_Exercise data_:
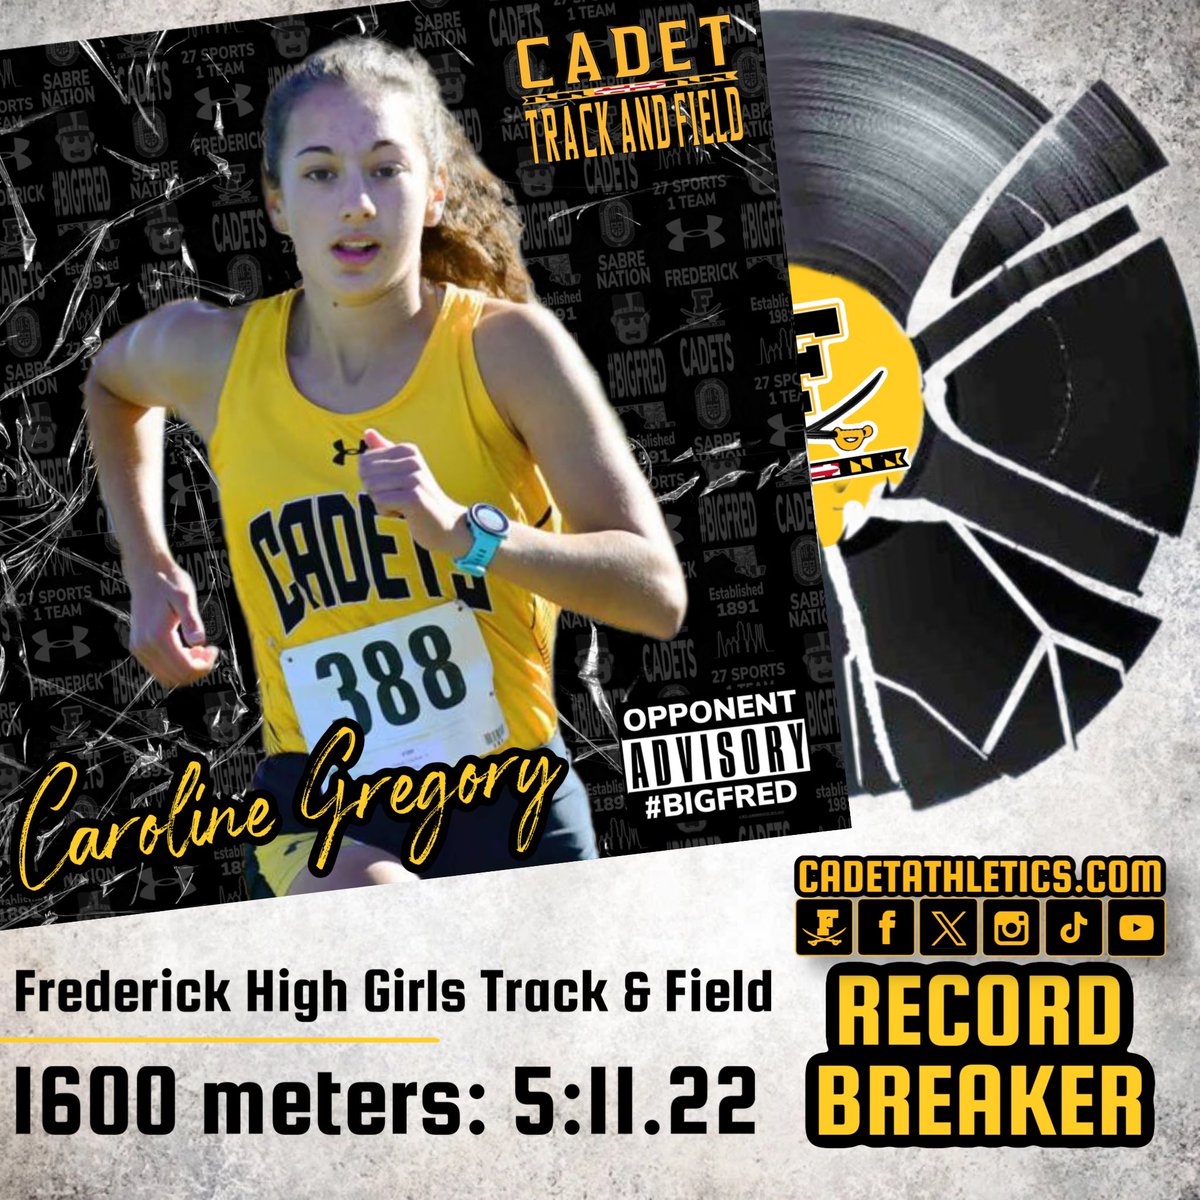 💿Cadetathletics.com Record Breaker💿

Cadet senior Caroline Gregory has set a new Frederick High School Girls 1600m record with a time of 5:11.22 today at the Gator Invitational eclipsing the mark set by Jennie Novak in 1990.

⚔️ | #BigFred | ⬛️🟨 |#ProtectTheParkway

_Your assignment_:
Please keep every line of the data the same when you reproduce it, and keep every picture out.

_Response area_:
 💿Cadetathletics.com Record Breaker💿

Cadet senior Caroline Gregory has set a new Frederick High School Girls 1600m record with a time of 5:11.22 today at the Gator Invitational eclipsing the mark set by Jennie Novak in 1990.

⚔️ | #BigFred | ⬛️🟨 |#ProtectTheParkway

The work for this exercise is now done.